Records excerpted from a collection
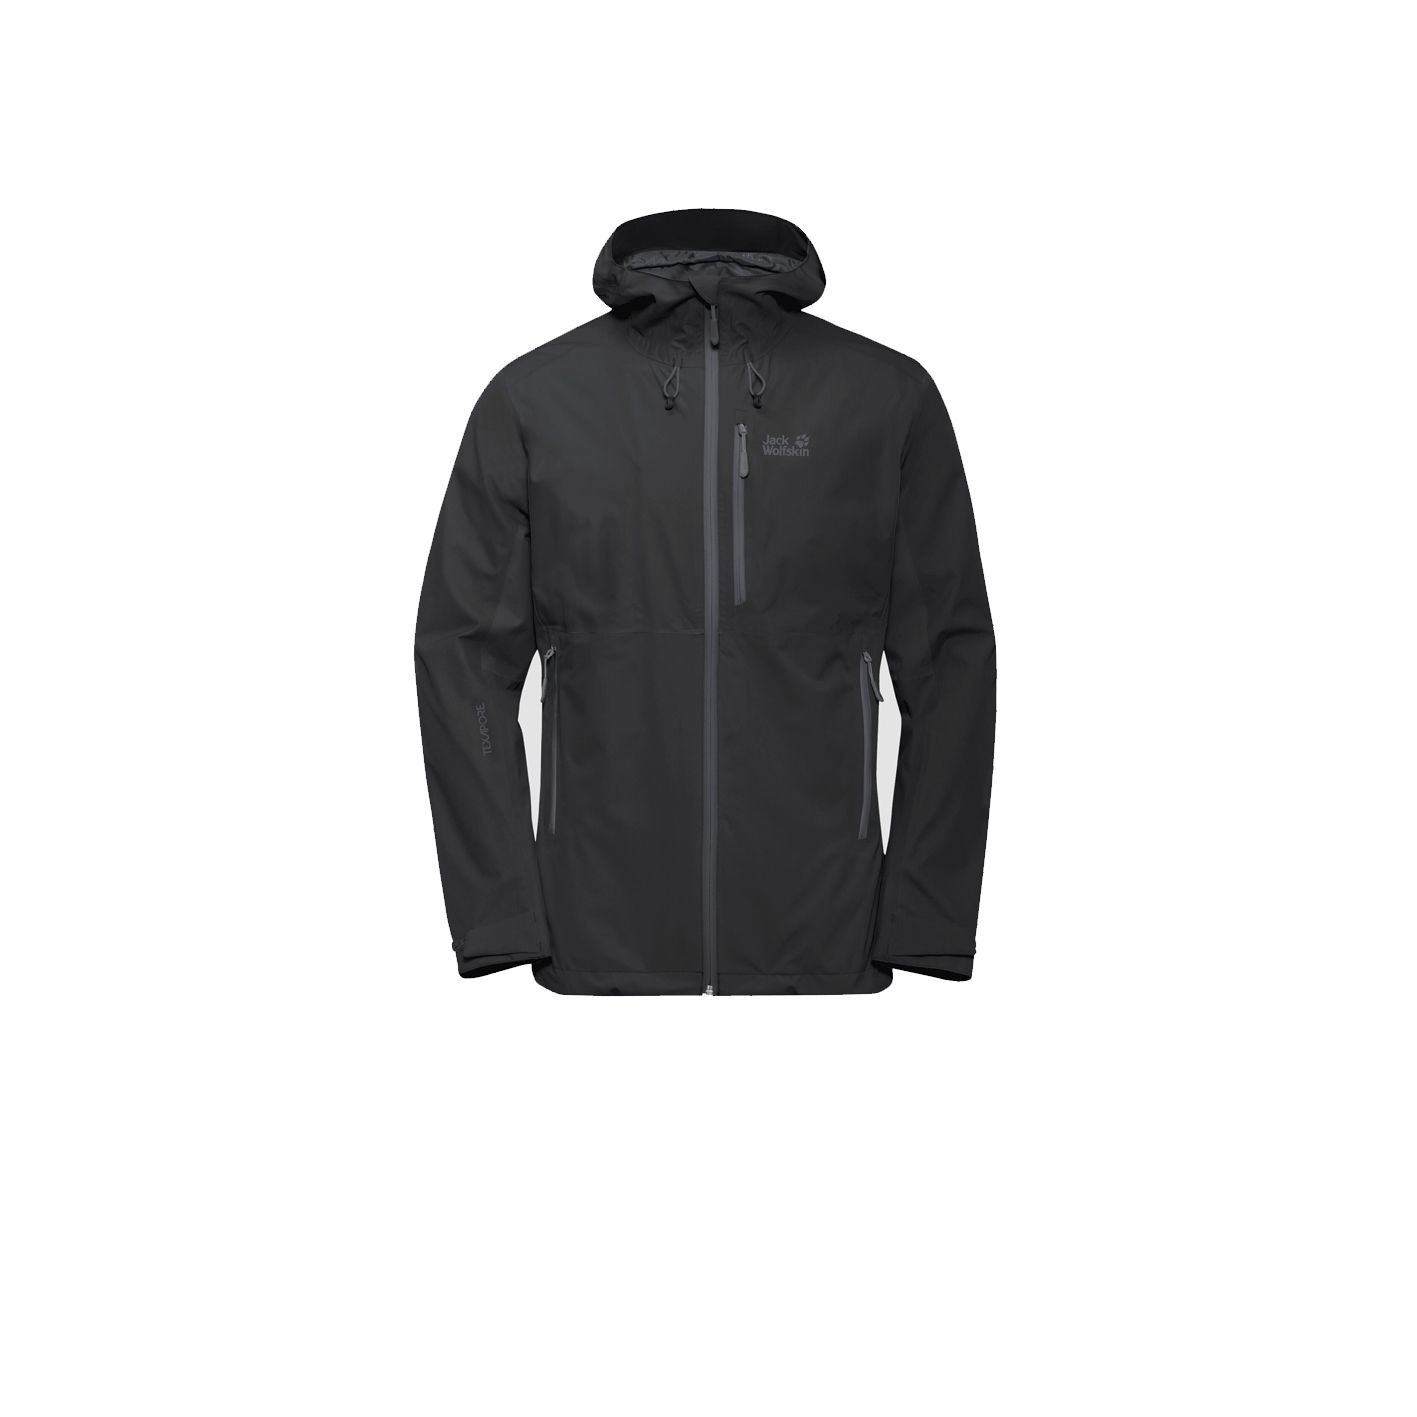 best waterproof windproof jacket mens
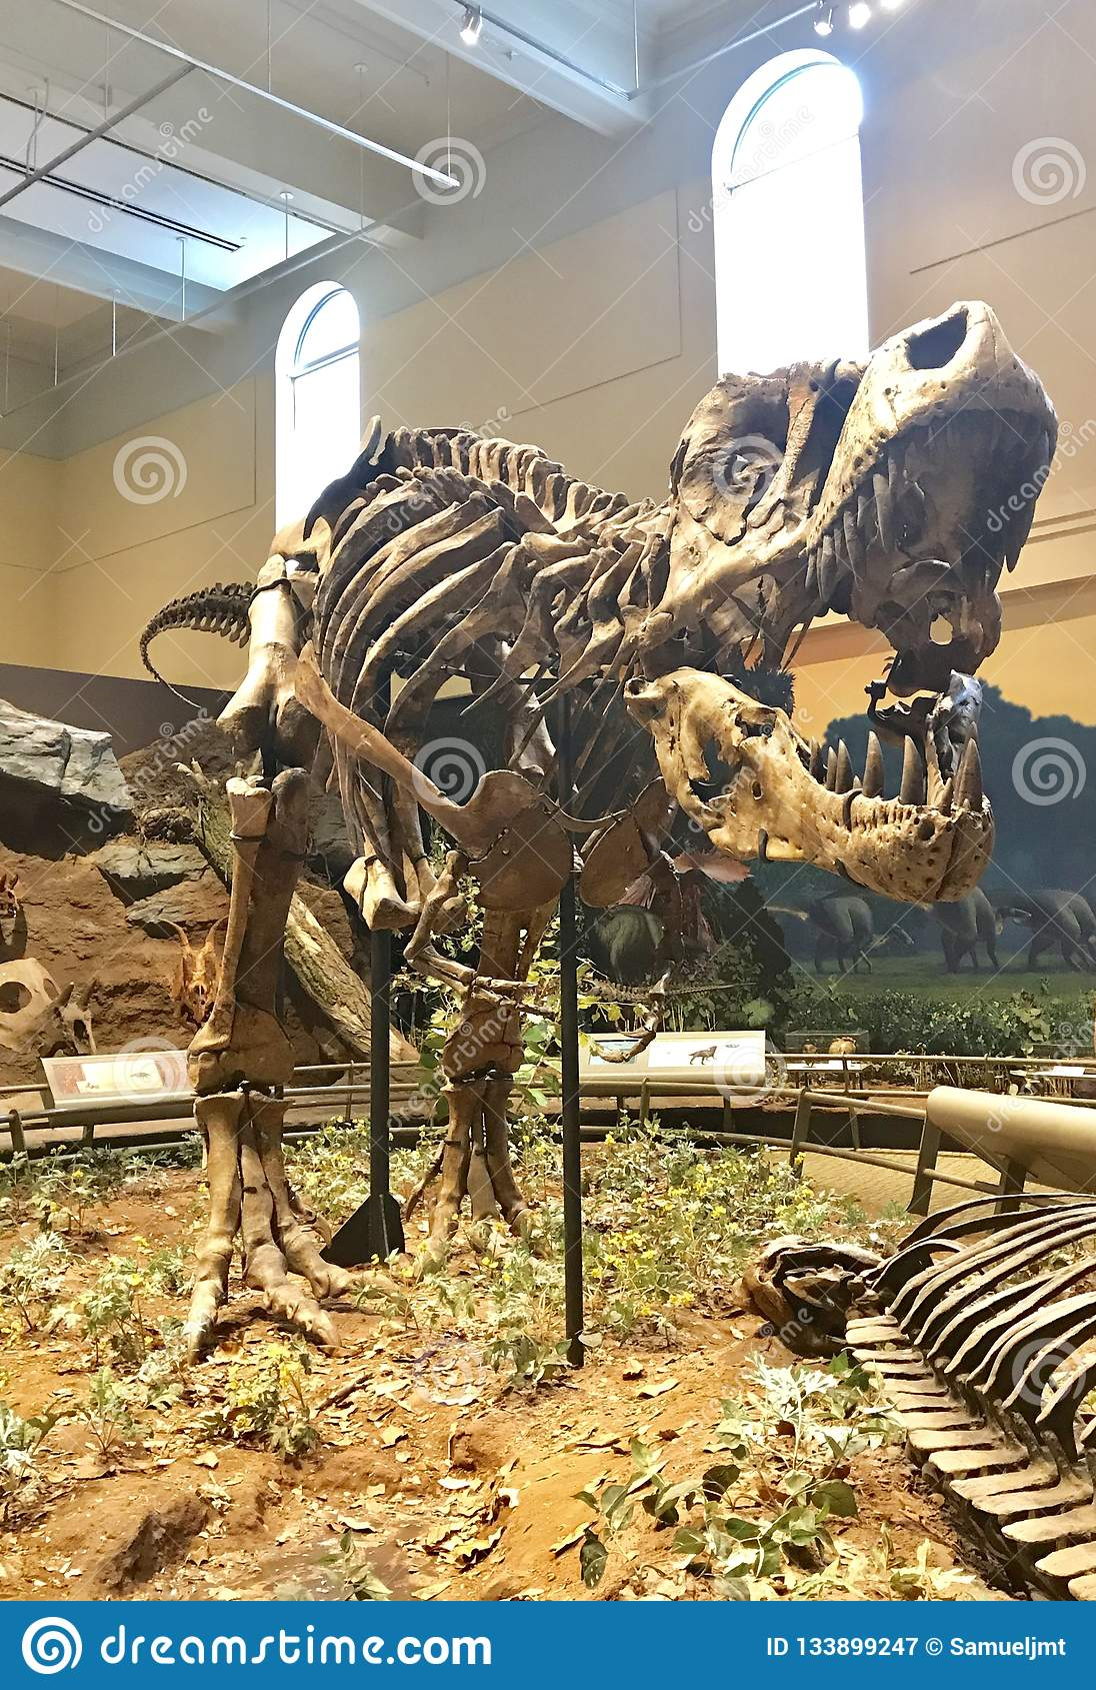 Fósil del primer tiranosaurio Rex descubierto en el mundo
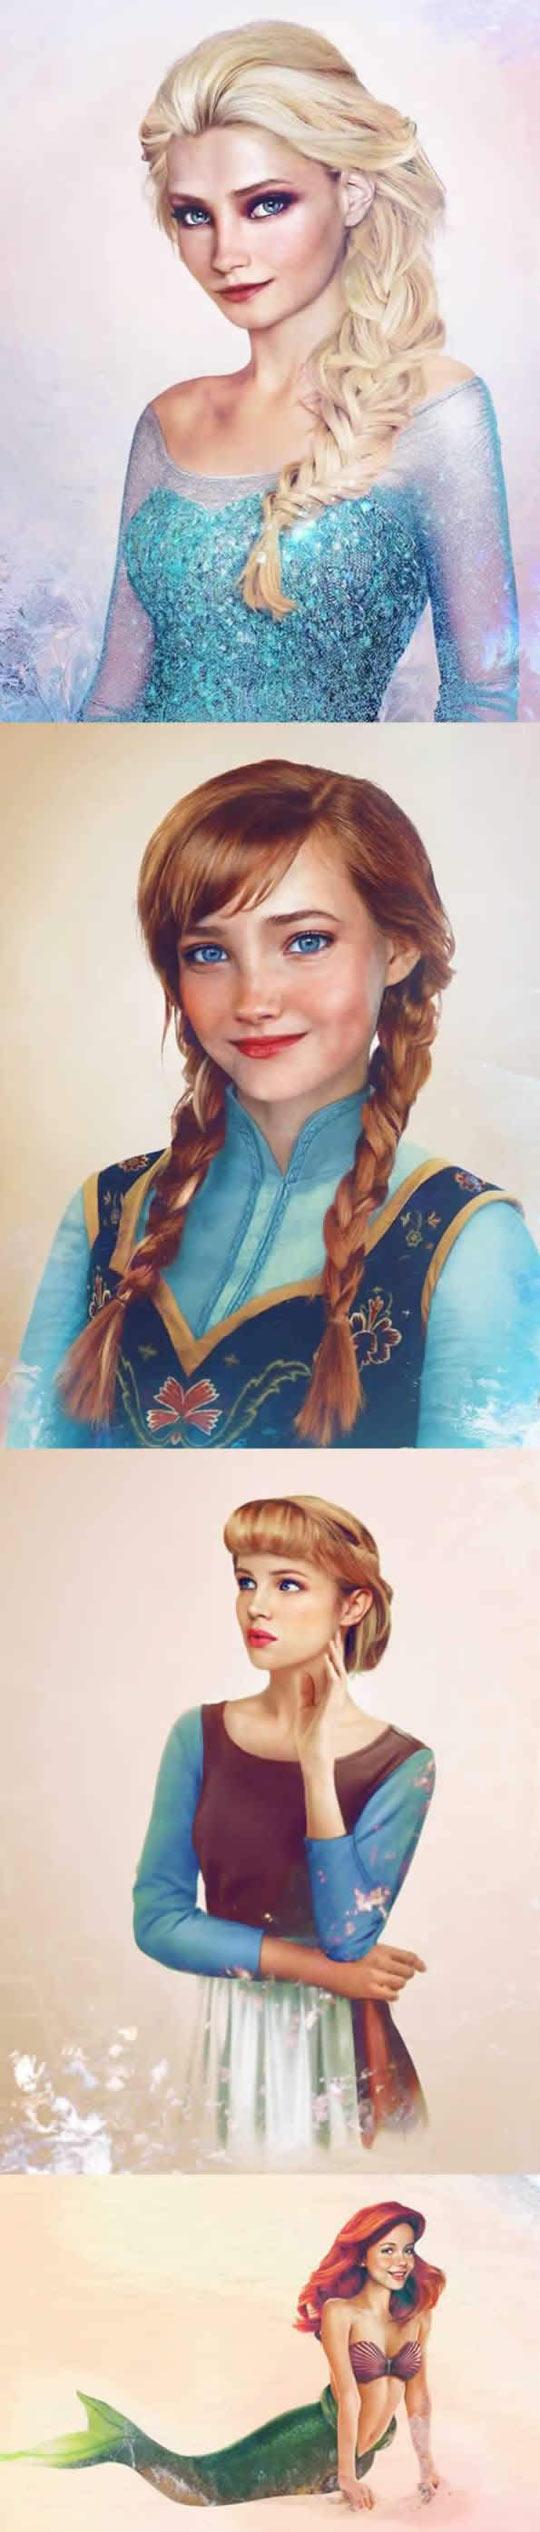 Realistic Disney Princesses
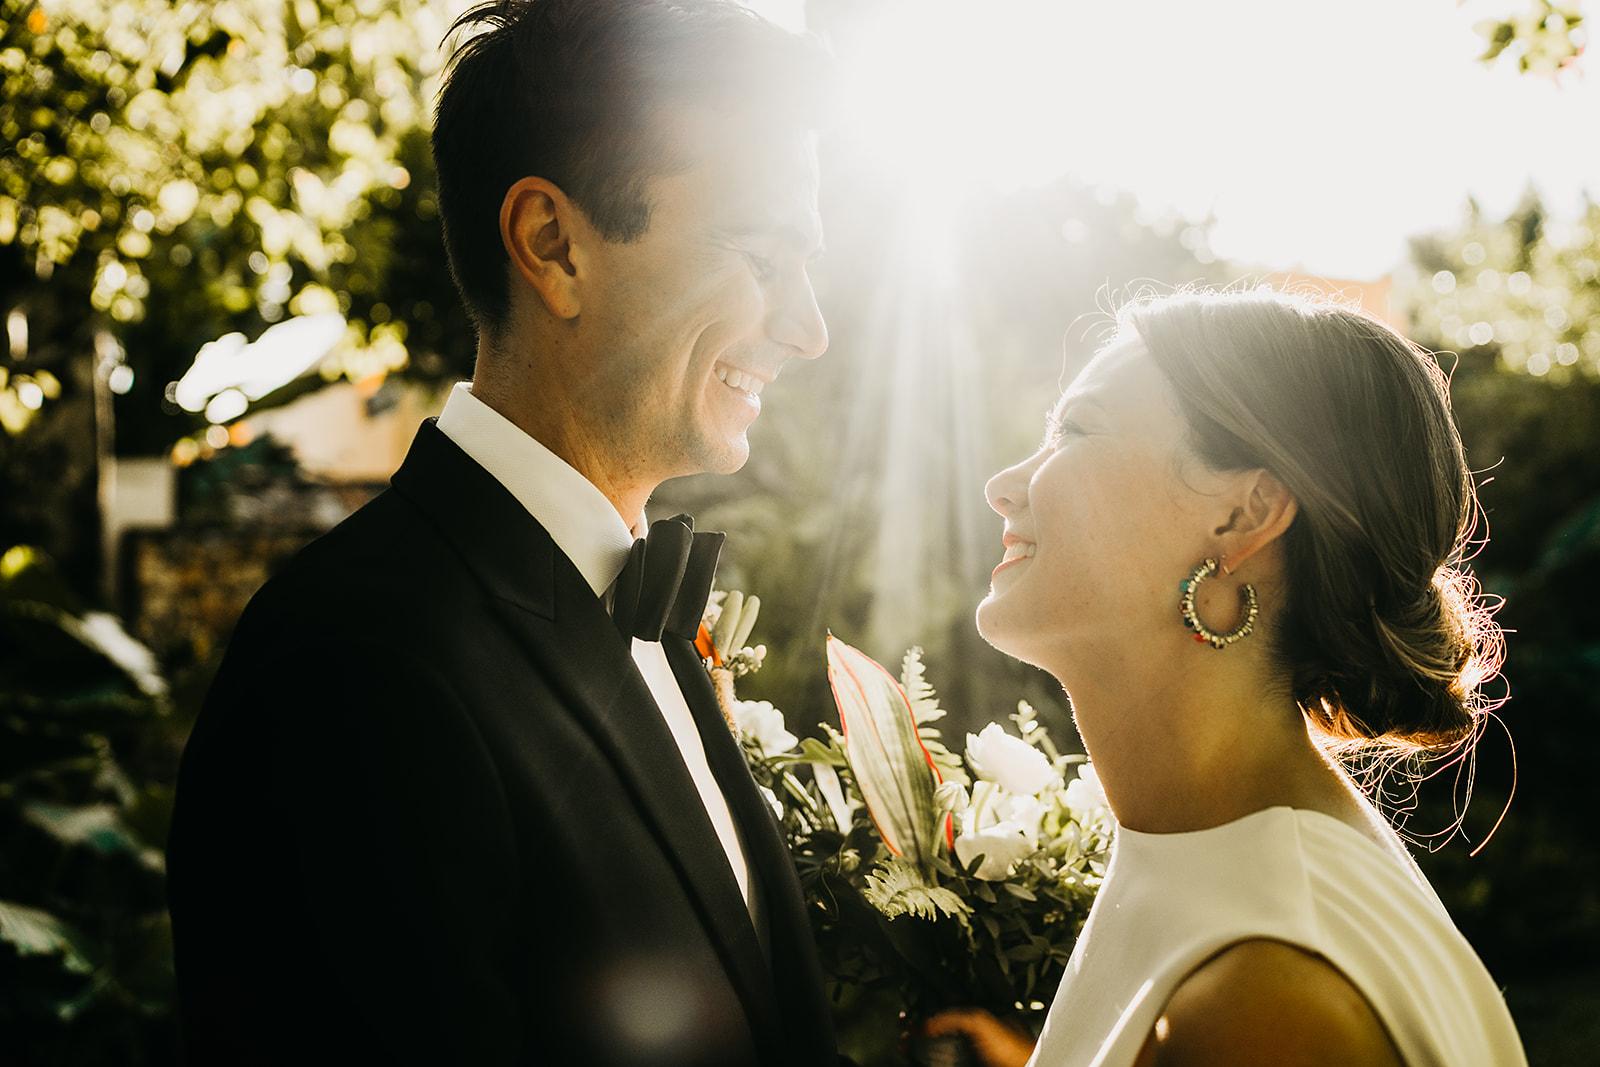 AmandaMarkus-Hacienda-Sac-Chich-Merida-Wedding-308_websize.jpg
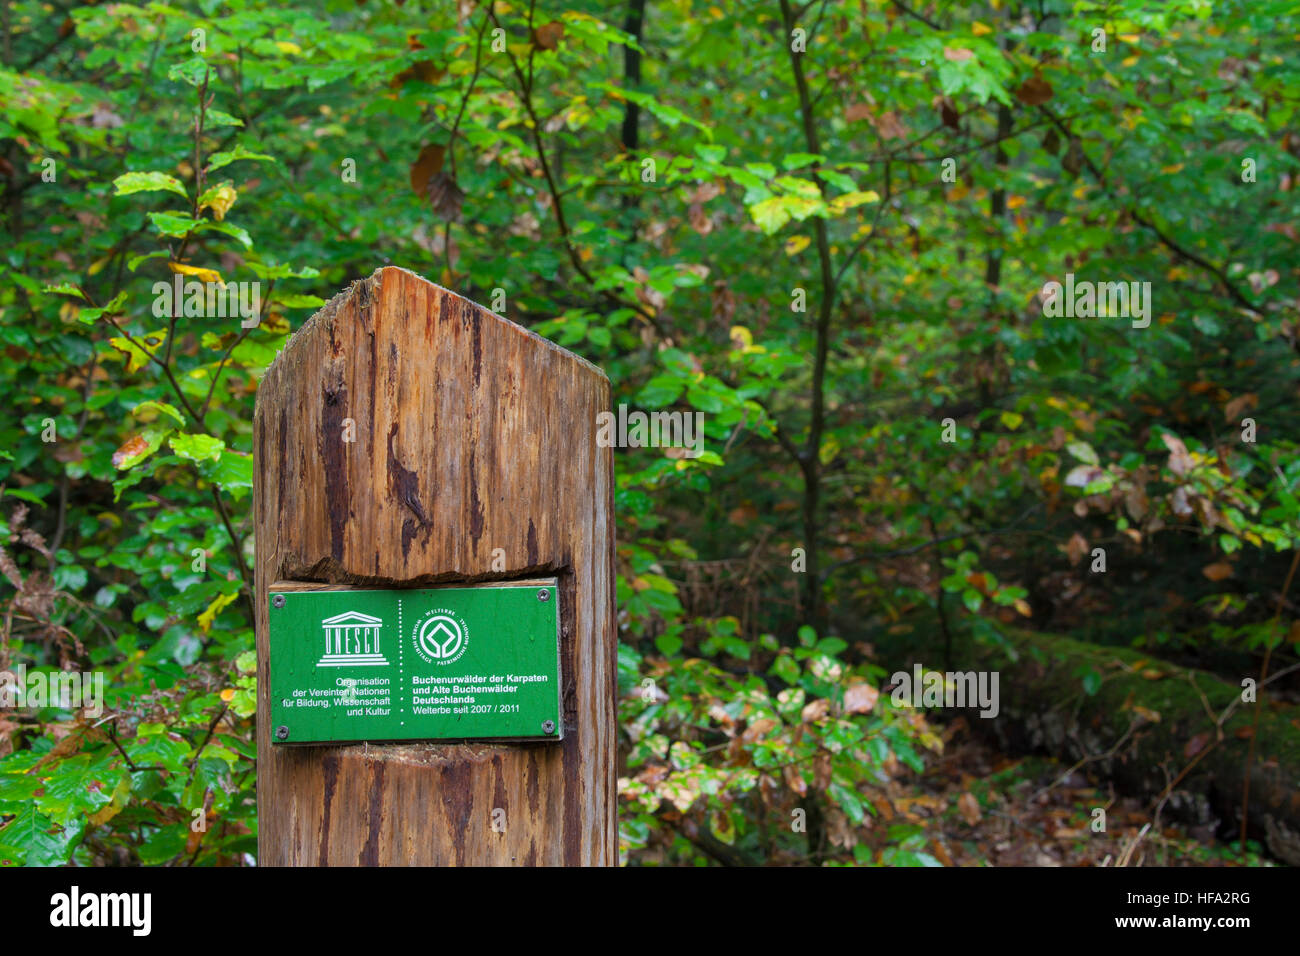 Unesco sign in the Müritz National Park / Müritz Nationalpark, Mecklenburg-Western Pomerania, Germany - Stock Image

What the task asks:
Print the records verbatim, without pictures.

Exercise answer:
 best waterproof windproof jacket mens
 Fósil del primer tiranosaurio Rex descubierto en el mundo
 Realistic Disney Princesses
 AmandaMarkus-Hacienda-Sac-Chich-Merida-Wedding-308_websize.jpg
 Unesco sign in the Müritz National Park / Müritz Nationalpark, Mecklenburg-Western Pomerania, Germany - Stock Image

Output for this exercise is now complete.